### Excerpted data
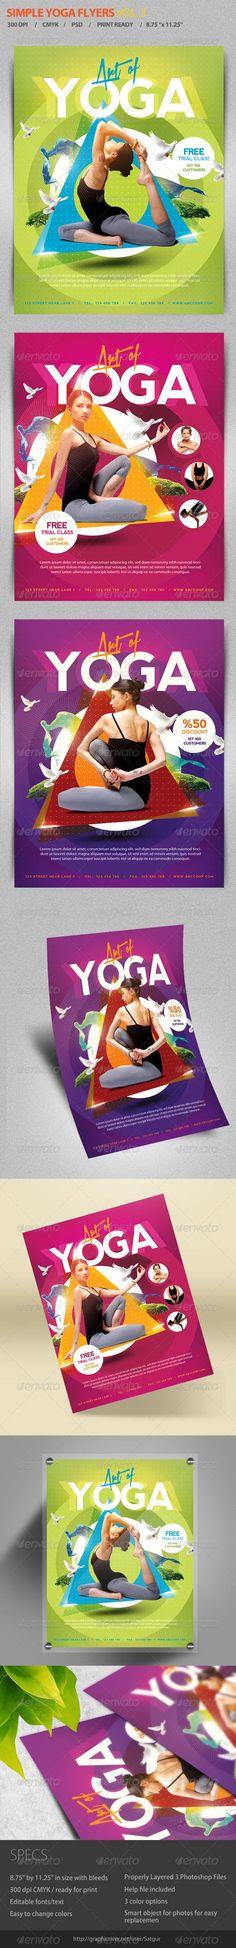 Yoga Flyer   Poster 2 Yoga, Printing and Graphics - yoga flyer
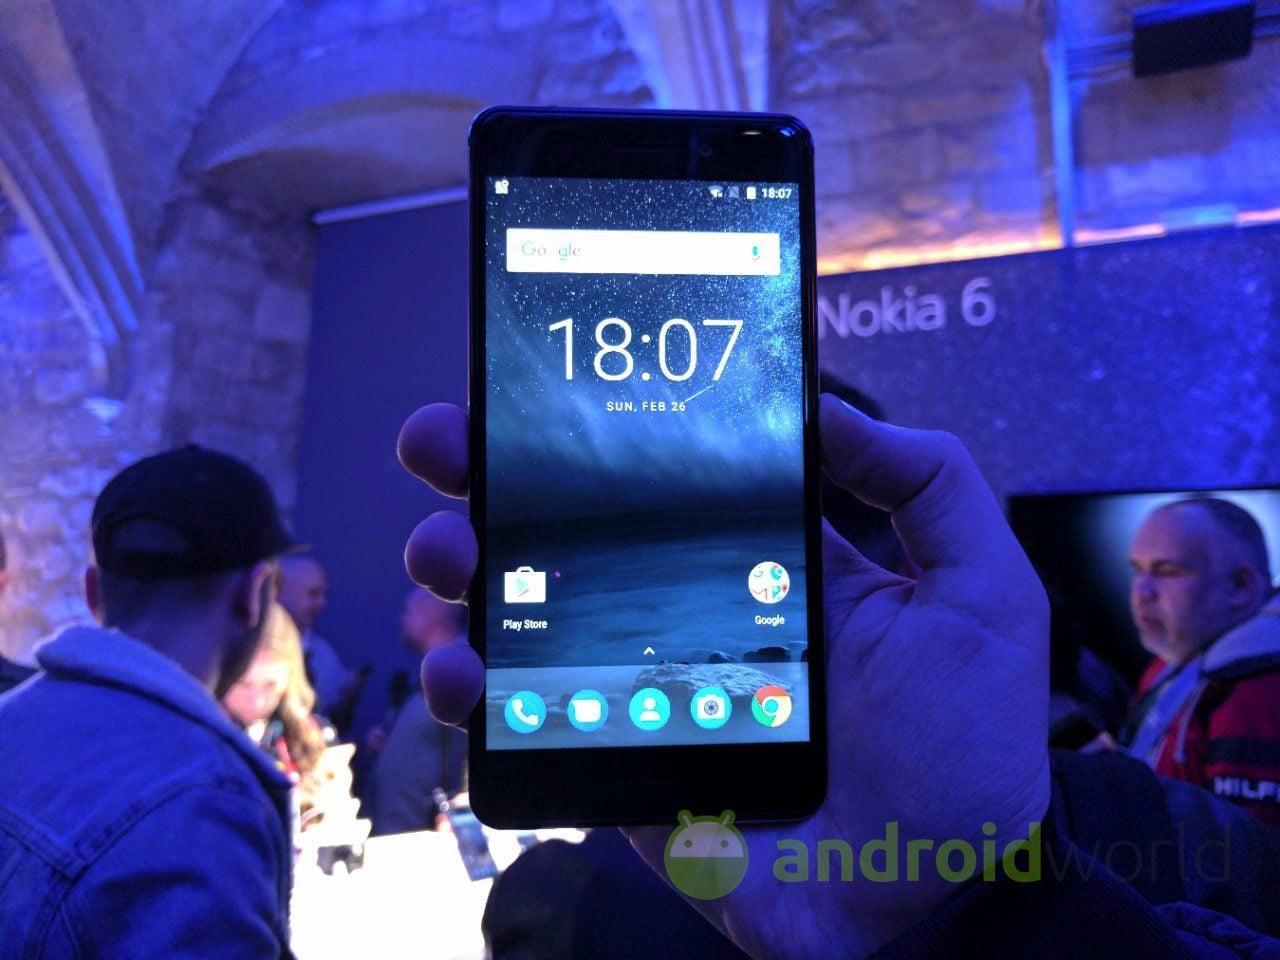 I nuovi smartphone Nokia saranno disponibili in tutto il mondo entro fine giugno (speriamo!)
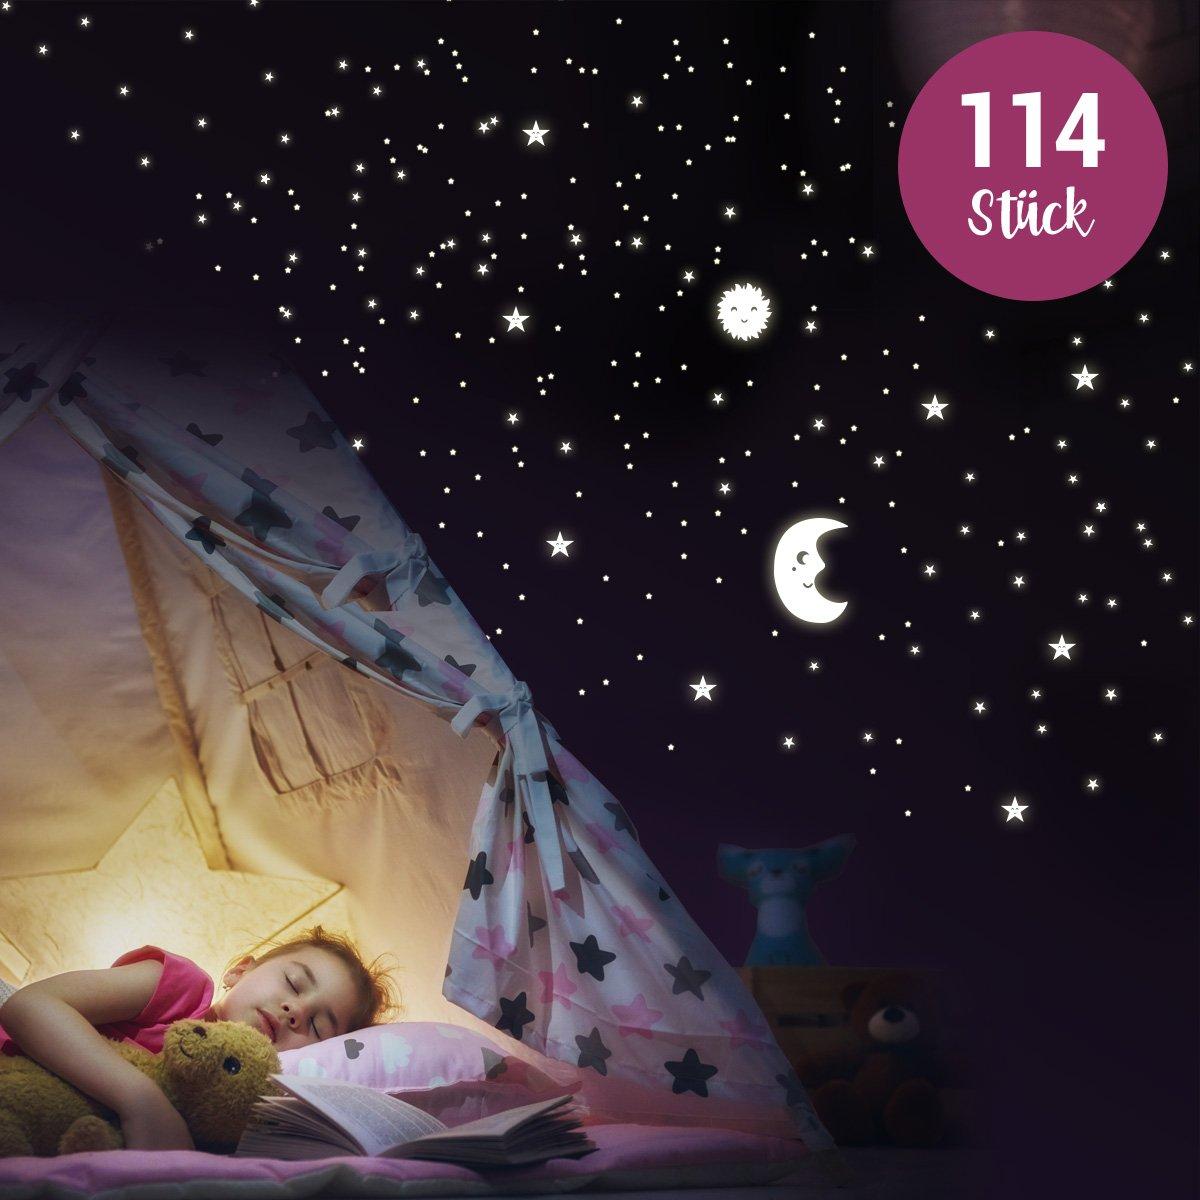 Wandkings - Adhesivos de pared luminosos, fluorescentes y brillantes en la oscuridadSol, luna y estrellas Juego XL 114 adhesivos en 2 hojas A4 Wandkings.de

---

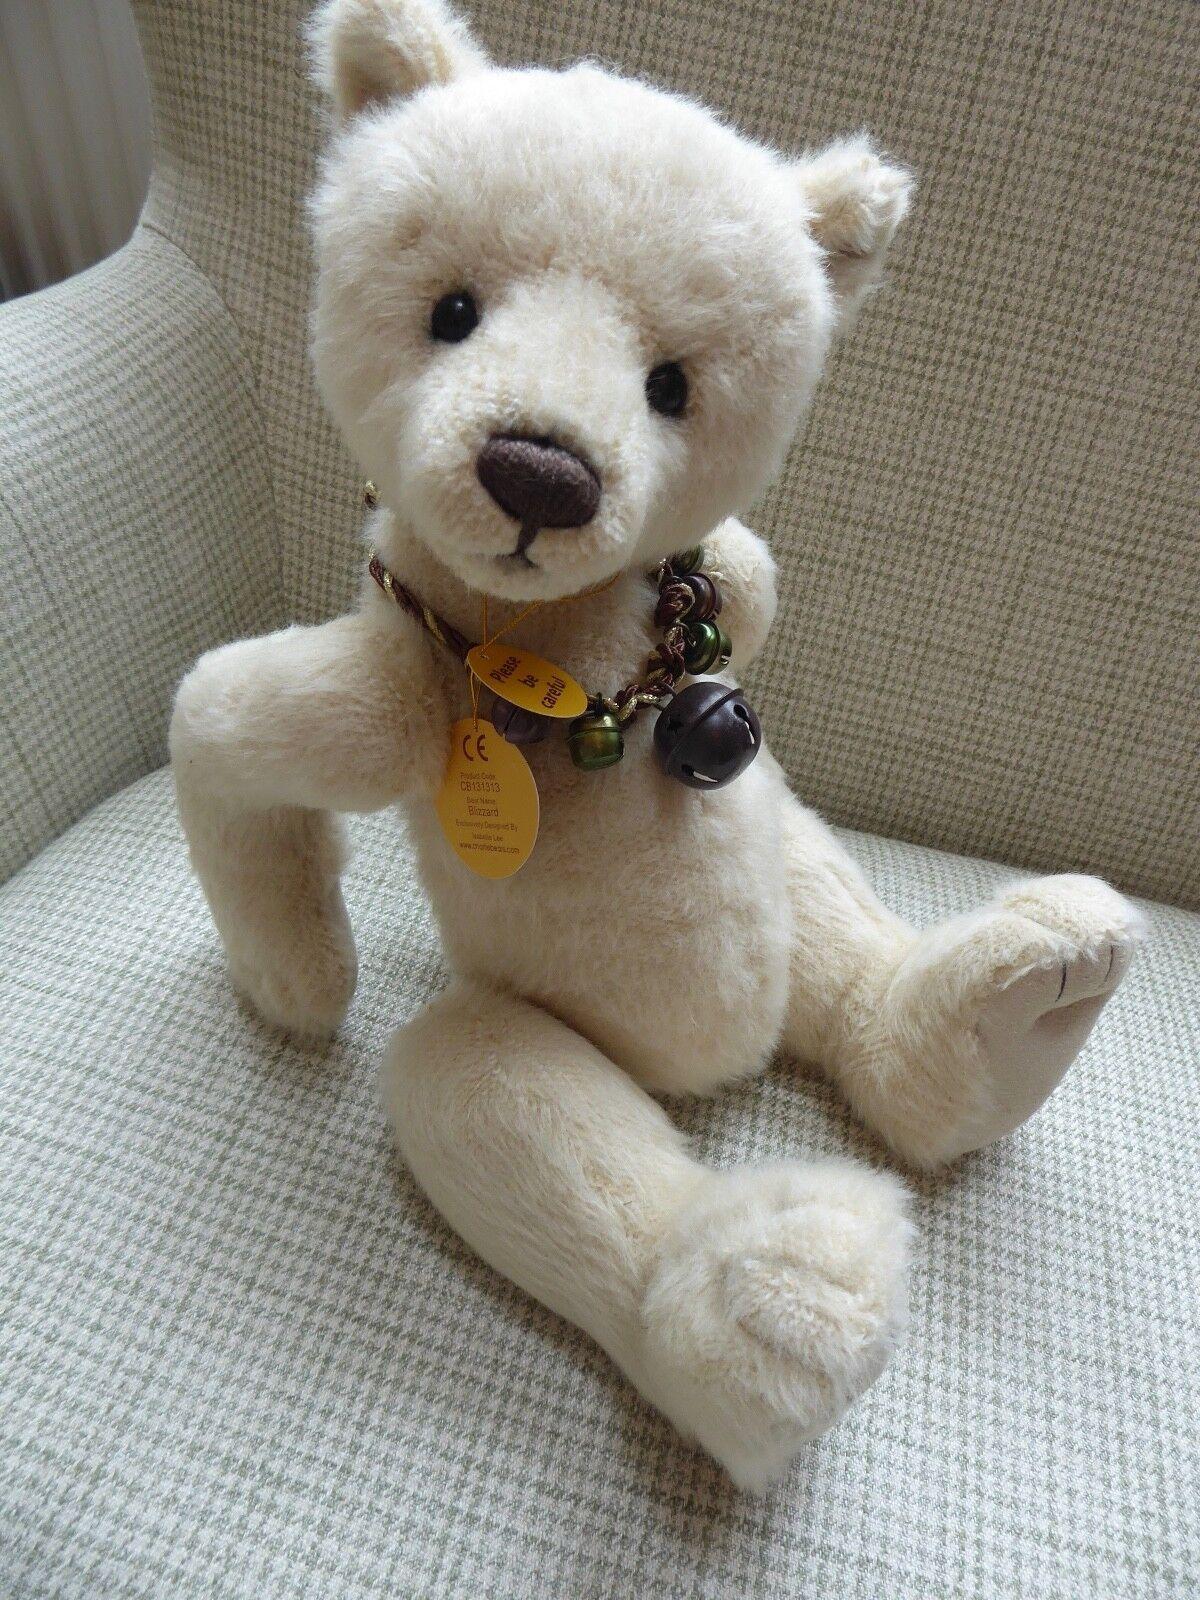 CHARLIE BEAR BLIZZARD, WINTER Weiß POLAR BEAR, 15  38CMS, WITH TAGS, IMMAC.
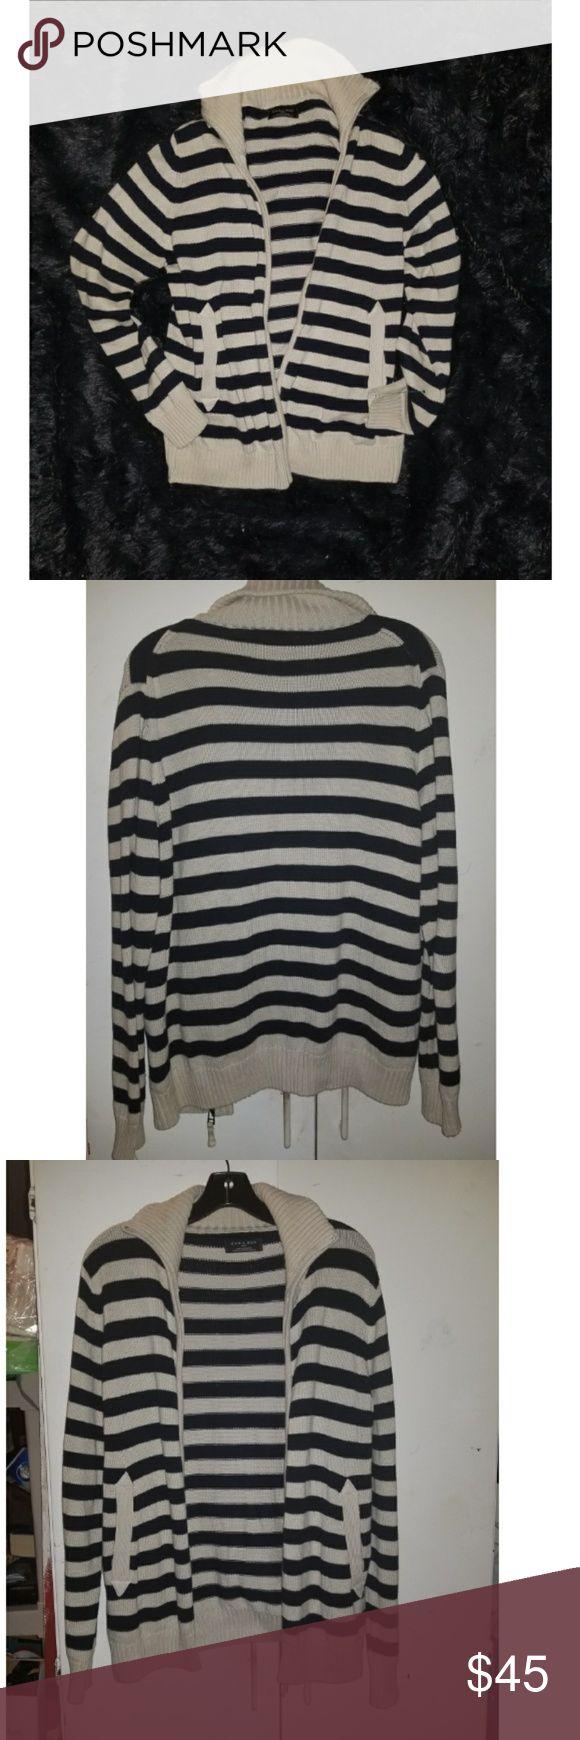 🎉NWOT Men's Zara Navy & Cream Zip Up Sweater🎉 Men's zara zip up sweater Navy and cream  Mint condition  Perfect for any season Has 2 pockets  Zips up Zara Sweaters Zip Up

### What is needed
Drop the pictures; return the lines above from the line containing "- yoga flyer" to the line containing "Wandkings - Adhesivos", both included, exactly.

### Finished task
 Yoga Flyer   Poster 2 Yoga, Printing and Graphics - yoga flyer
 I nuovi smartphone Nokia saranno disponibili in tutto il mondo entro fine giugno (speriamo!)
 Wandkings - Adhesivos de pared luminosos, fluorescentes y brillantes en la oscuridadSol, luna y estrellas Juego XL 114 adhesivos en 2 hojas A4 Wandkings.de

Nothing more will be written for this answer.